麻薬地区で暮らす少年シャロンはいじめっ子たちから追いかけられ廃墟に隠れているところを、キューバ人のクラック・コカイン売人であるフアンに見つけられます。

フアンはシャロンに食事を食べさせ、「ここはヤバい地区だから逃げろ」と忠告します。一言も話さないシャロンを面白がったフアンは、彼を自分とガールフレンドのテレサが暮らす家へ連れて行きます。

テレサはシャロンに「気が向いたらしゃべって」と言い、夕食を与えます。シャロンはリトルと呼ばれていること、リバティーシティーに住んでいることを話します。食後、家に送って欲しいかとフアンが尋ねると、シャロンは嫌だと拒否します。テレサはシャロンに寝床を提供し、一晩泊まります。

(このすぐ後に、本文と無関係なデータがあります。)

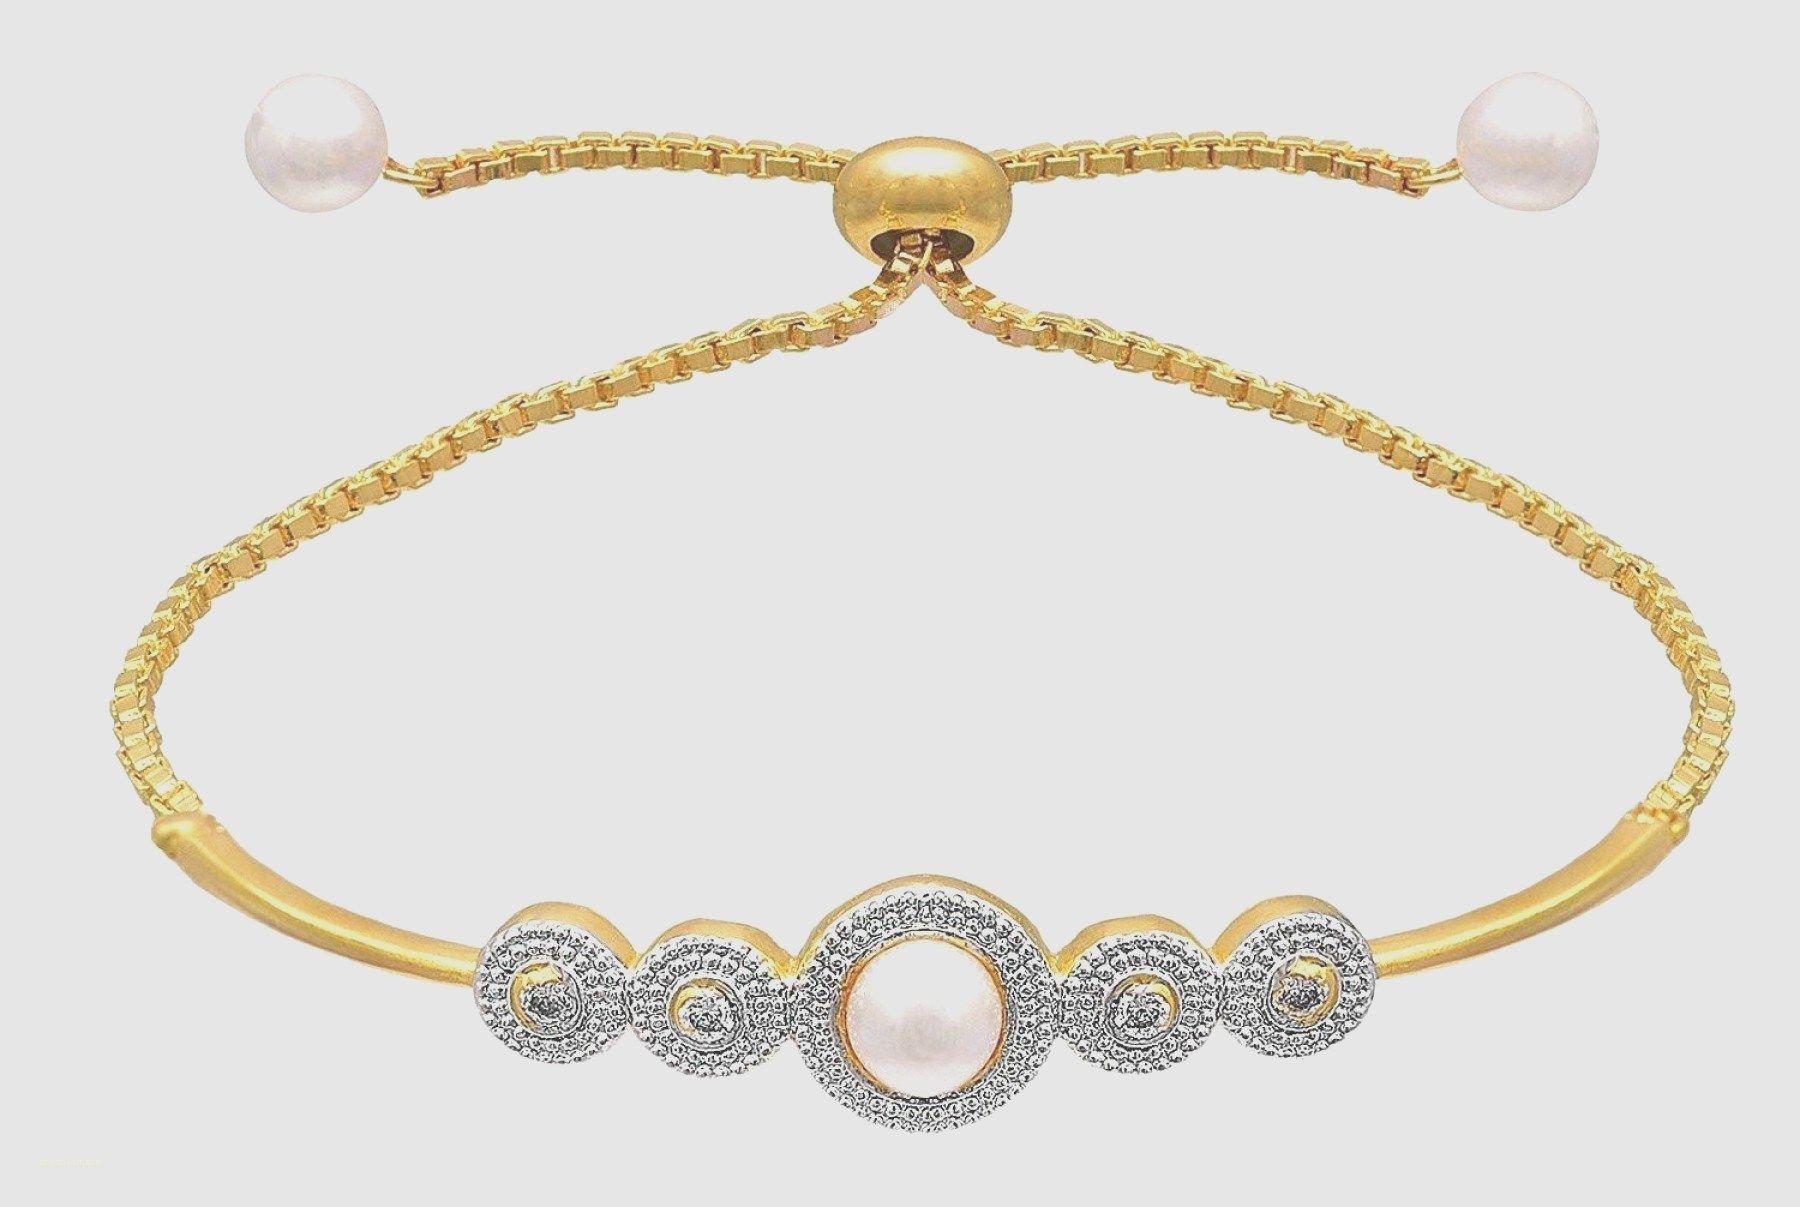 Bracelet Designs For Women Unique Sterling Silver Childrens Jewelry Baby Bracelets Kids Earrings

翌朝フアンに家まで送ってもらうシャロン。母ポーラは感情的で、送ってきたフアンの言葉も聞かずにシャロンを家へ投げ込みます。

シャロンはクラスメートのケヴィンしか友人がいません。ケヴィンは「いつまでもいじめられていたいのか?奴らにタフなところを見せろよ」と突っかかってきます。取っ組み合いを終えると、ケヴィンは「やっぱりお前はタフだ」と彼の手を取って立ち上がらせます。

シャロンはフアンと多くの時間を共に過ごすようになります。フアンはシャロンに海での泳ぎ方と、自分の人生を周りに決めさせては行けない、切り開かなくてはならないのだということを教えます。フアンはシャロンに何かを教えるのが楽しくてたまらないようで、2人でいる時には笑顔が絶えません。
海からの帰り道、フアンはシャロンに何かの紙切れを握らせ、ポケットにしまうように言います。

ある日、ケヴィンが同級生たちと性器を出して見せ合っているところに遭遇するシャロン。お前のも見せろと言われ、シャロンは言われるがままに見せます。

ある夜フアンがシマの見回りをしていると、自分の顧客のひとりが、ポーラと車中でクラック・コカインを吸っていることに気付きます。フアンはポーラに「こんなところで何してる」と胸ぐらを掴んで車から引き摺り下ろしますが、ポーラは「私にヤクを売ってるくせに、それでもシャロンを育てる気?」「あの子の歩き方を見た?いじめの理由を言える?」とフアンをせせら笑い、車でどこかへ行ってしまいます。
ポーラは帰宅するとシャロンを一方的に怒鳴りつけ、またヤクに溺れます。

翌朝シャロンは、フアンの家を訪れます。フアンはシャロンを気遣い、彼が話したくなるまで待とうと根気よく話しかけます。
フアンはポーラに会ったことを告げ、シャロンはポーラは嫌いだと返します。シャロンは「オカマ」とポーラに罵られたことを思い出し、「オカマって何?」「自分がオカマか分かる?」とフアンに尋ねます。フアンは「もし自分がゲイだと分かってもオカマなんて周囲に言わせるな」と答えます。
さらにシャロンはフアンにヤクを売っているのかと尋ね、フアンは申し訳なさそうに肯定します。
シャロンはポーラがヤクをやっていることをフアンに確認し、その場を去ります。

 

2.シャロン

ティーンエイジャーとなったシャロンは、テレルのグループに「オカマ」といじめられる毎日を送っています。
今も仲の良いケヴィンは下ネタで頭がいっぱいです。この頃、シャロンはケヴィンから「ブラック」というあだ名で呼ばれるようになっていました。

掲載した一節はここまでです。